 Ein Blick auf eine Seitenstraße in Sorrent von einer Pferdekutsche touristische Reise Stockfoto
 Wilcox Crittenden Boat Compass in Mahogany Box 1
--
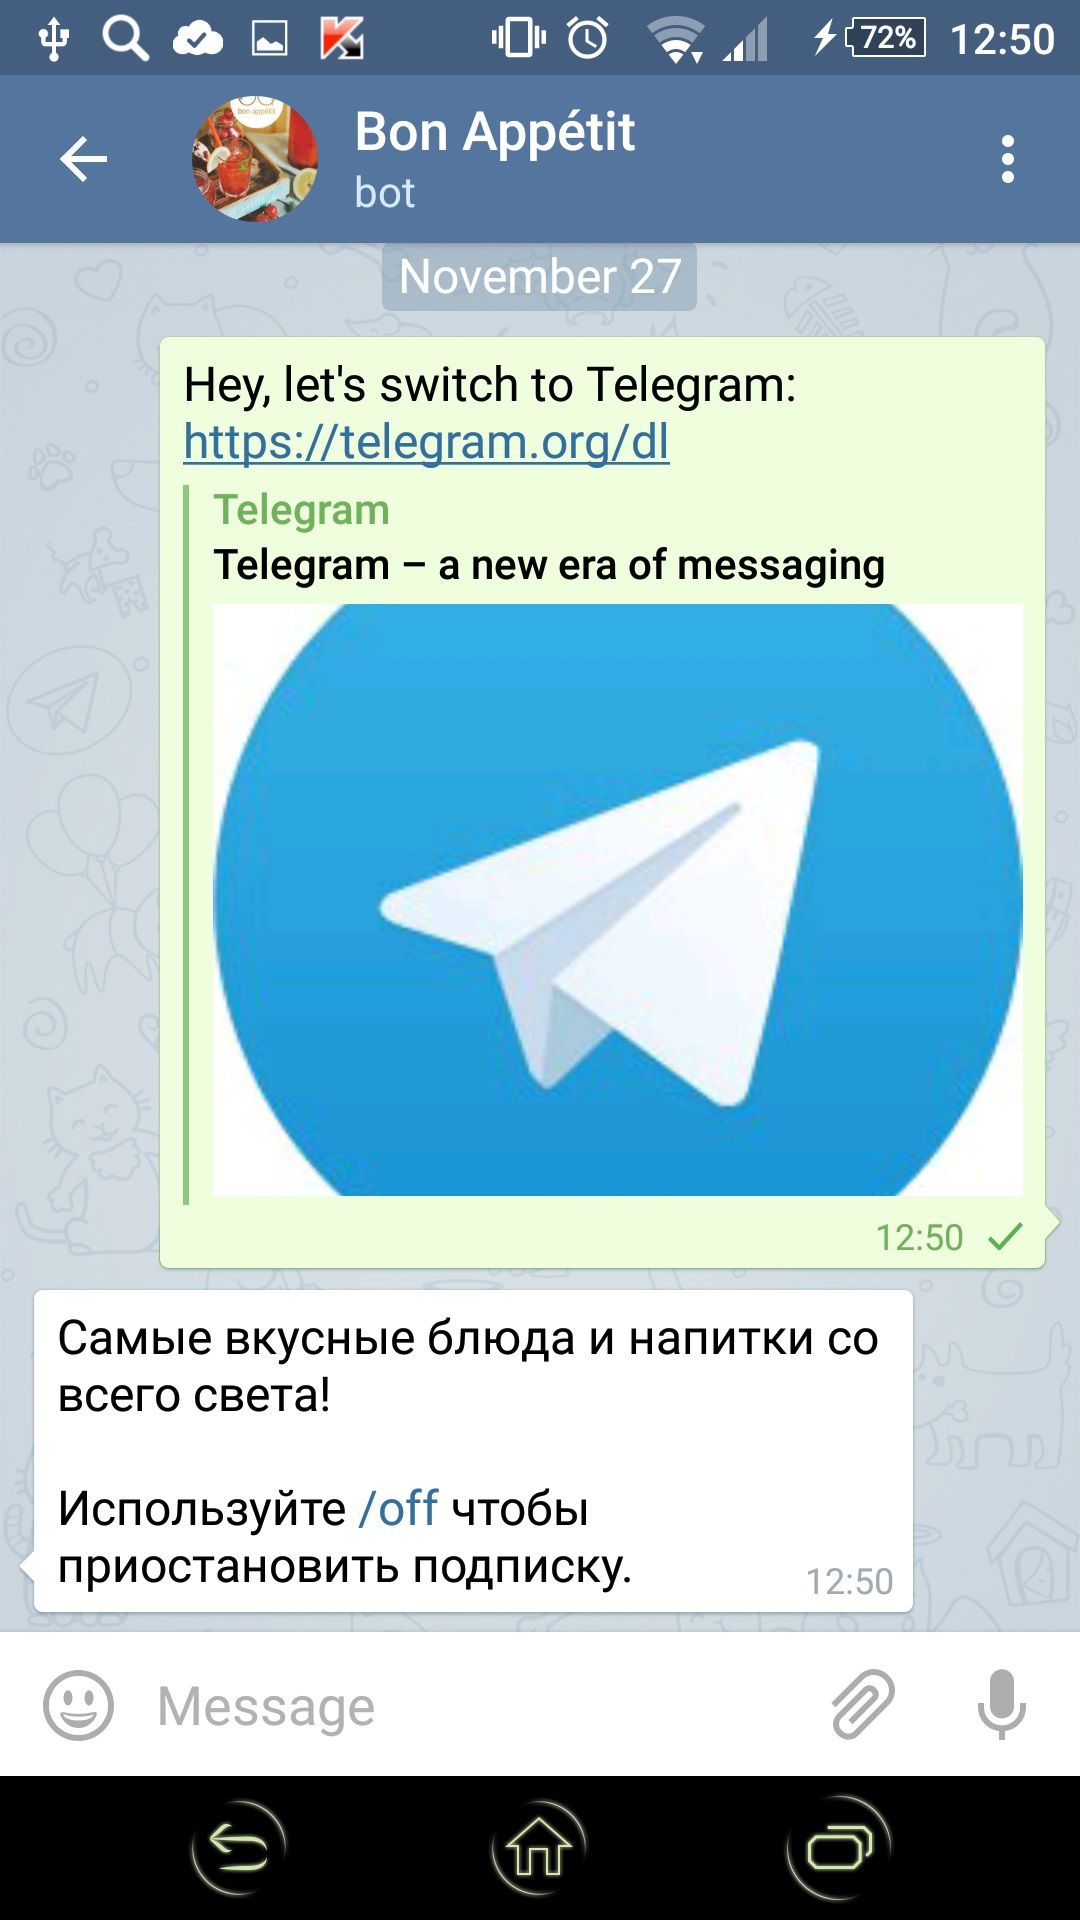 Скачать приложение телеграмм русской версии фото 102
...
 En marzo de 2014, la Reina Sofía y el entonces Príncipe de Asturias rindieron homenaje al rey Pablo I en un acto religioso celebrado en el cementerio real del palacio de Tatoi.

About this task: Quote the listing above, but only from the line that shows "Ein Blick auf" through the line that shows "Wilcox Crittenden Boat".

Worked solution:
 Ein Blick auf eine Seitenstraße in Sorrent von einer Pferdekutsche touristische Reise Stockfoto
 Wilcox Crittenden Boat Compass in Mahogany Box 1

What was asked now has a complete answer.